- Theatrical release poster
- Directed by: Ray Taylor
- Written by: Basil Dickey
- Produced by: William Lord Wright
- Starring: Ted Wells Kathleen Collins Lucy Beaumont
- Cinematography: Joseph Brotherton
- Edited by: Gene Havlick
- Production company: Universal Pictures
- Distributed by: Universal Pictures
- Release date: August 18, 1929;
- Running time: 5 reels
- Country: United States
- Language: Silent (English intertitles)

= The Ridin' Demon =

1929 film by Ray Taylor

The Ridin' Demon is a lost American 1929 Western film directed by Ray Taylor and starring Ted Wells and Kathleen Collins. It was written by Basil Dickey, and was produced and distributed by Universal Pictures.

==Plot==
The entry for the film at the Library of Congress Motion Picture Copyright Descriptions collection reads:Pat Riordan, long absent from home and known as The Ridin' Demon, sauntered into the saloon in Gunsight. Sitting in on a card game, he was caught cheating. A fight ensued but Pat,although slightly wounded, managed to escape. Stopping at a secluded stream to bathe his wound, he encountered a charming girl having a refreshing dip. Marie Devon quickly retreated but when she discovered the stranger was wounded, came to his assistance.

Meanwhile Dan Riordan, Pat's twin brother, riding toward town, ran into the sheriff and learned he was looking for a man who greatly resembled Dan. Realizing they were trailing his ne'er-do-well brother, Dan rode anxiously on. Suddenly he came upon Pat and Marie. Explanations were in order for Marie, who was Dan’s sweetheart, had never heard of Pat. Between them they managed to get Pat home,where his devoted and unsuspecting mother was awaiting a long promised visit from him.

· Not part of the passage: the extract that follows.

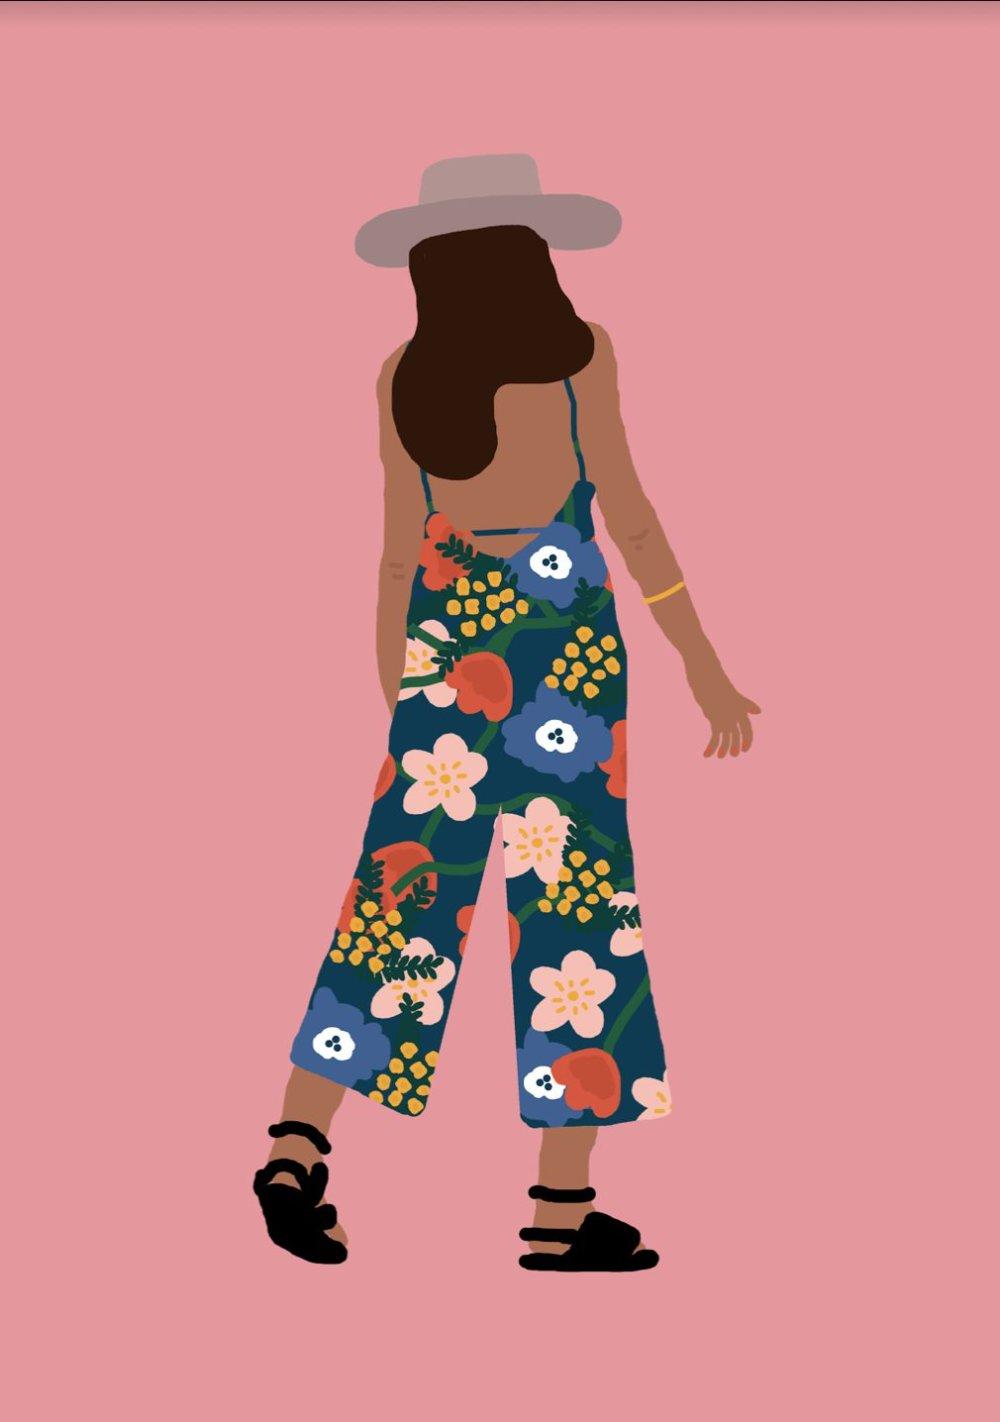 Gorgeous And Colorful Floral Illustrations By Rafaela Mascaro 5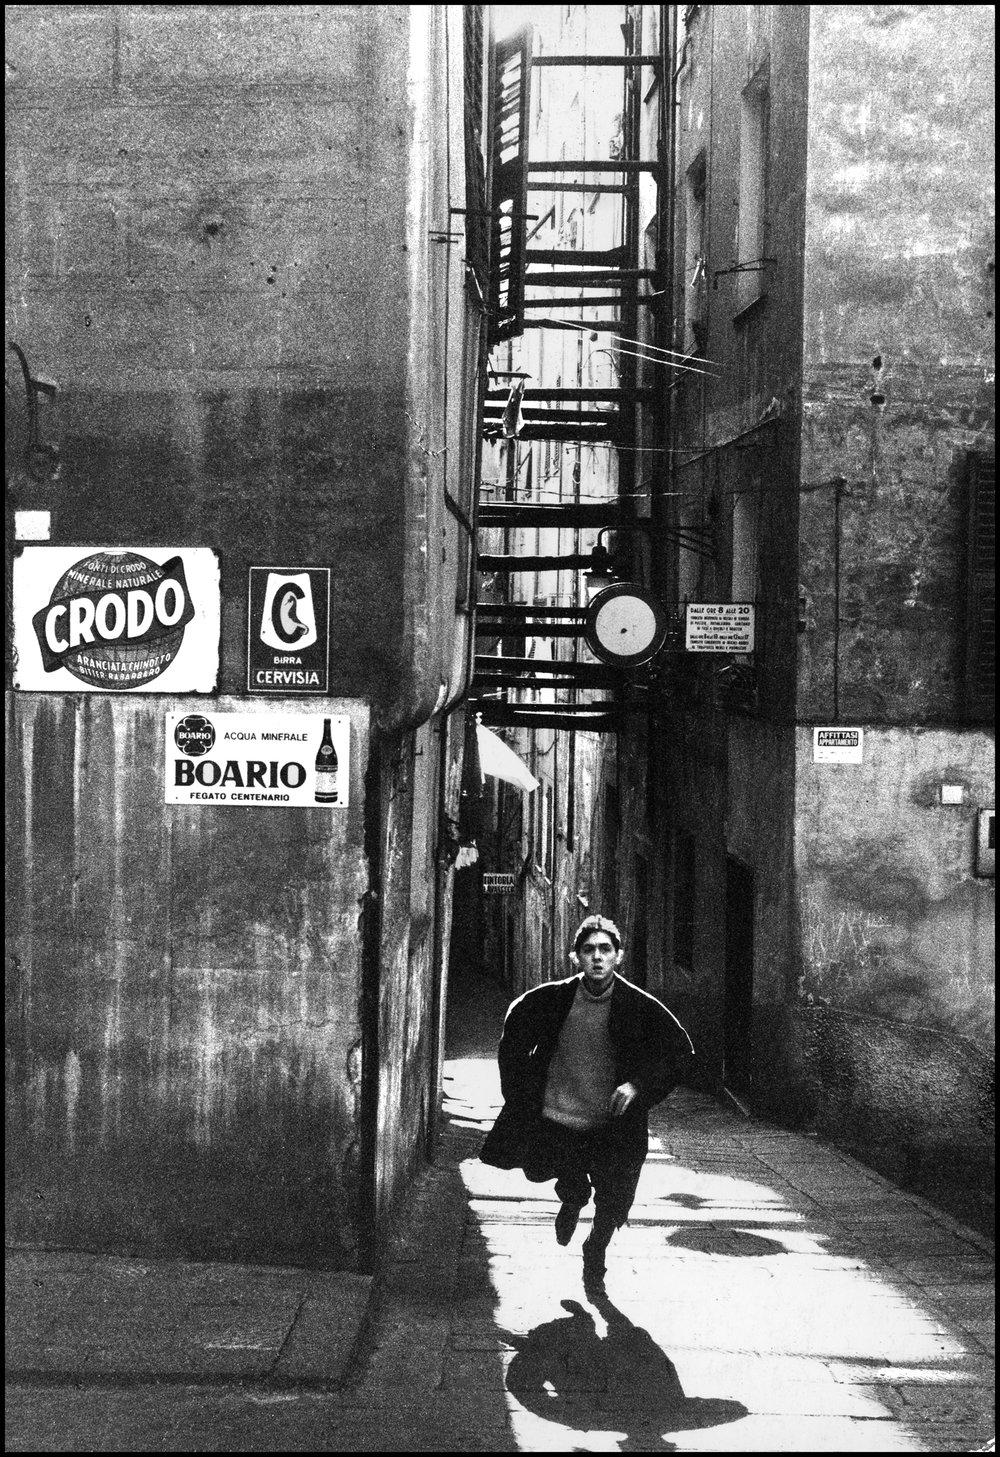 Genoa. Courtesy of © Hope Herman Wurmfeld

News came to the sheriff of Pat's whereabouts and after nightfall he came after him. Dan, wishing to protect his brother, exchanged clothes with him and lead the sheriff a merry chase while Marie rode at top speed and showed Pat a shortcut to the border.Success crowned their efforts and Marie and Dan were able to preserve the illusions of a loving mother.

== Cast ==
- Ted Wells as Dan/Pat Riordan
- Kathleen Collins as Marie
- Lucy Beaumont as Mrs. Riordan
- Otto Bibber as Sheriff

==Reception==
The Film Daily wrote: "This is all right for the kids and the rabid western fans, who may be concerned only with feats of horsemanship, but the picture will need help on the program to get it over. Wells is good in the dual role, although the double exposure shots are not so convincing. .. Direction: fairly good."

Billboard criticized the lack of a story and slow action, calling it "worthy only as a grind's last resort".

Kine Weekly wrote: "A slight but pleasant story incorporated with action and skilled riding affords a useful 'Western' for popular halls. ... Ted Wells, scarcely equal perhaps to getting the most out of a dual role, is successful as the manly cowboy. Kathleen Collins is an attractive heroine, while Lucy Beaumont makes a sympathetic screen mother. Considering the slightness of the plot, it has been convincingly presented."

==Preservation status==
According to the Library of Congress, the film is lost.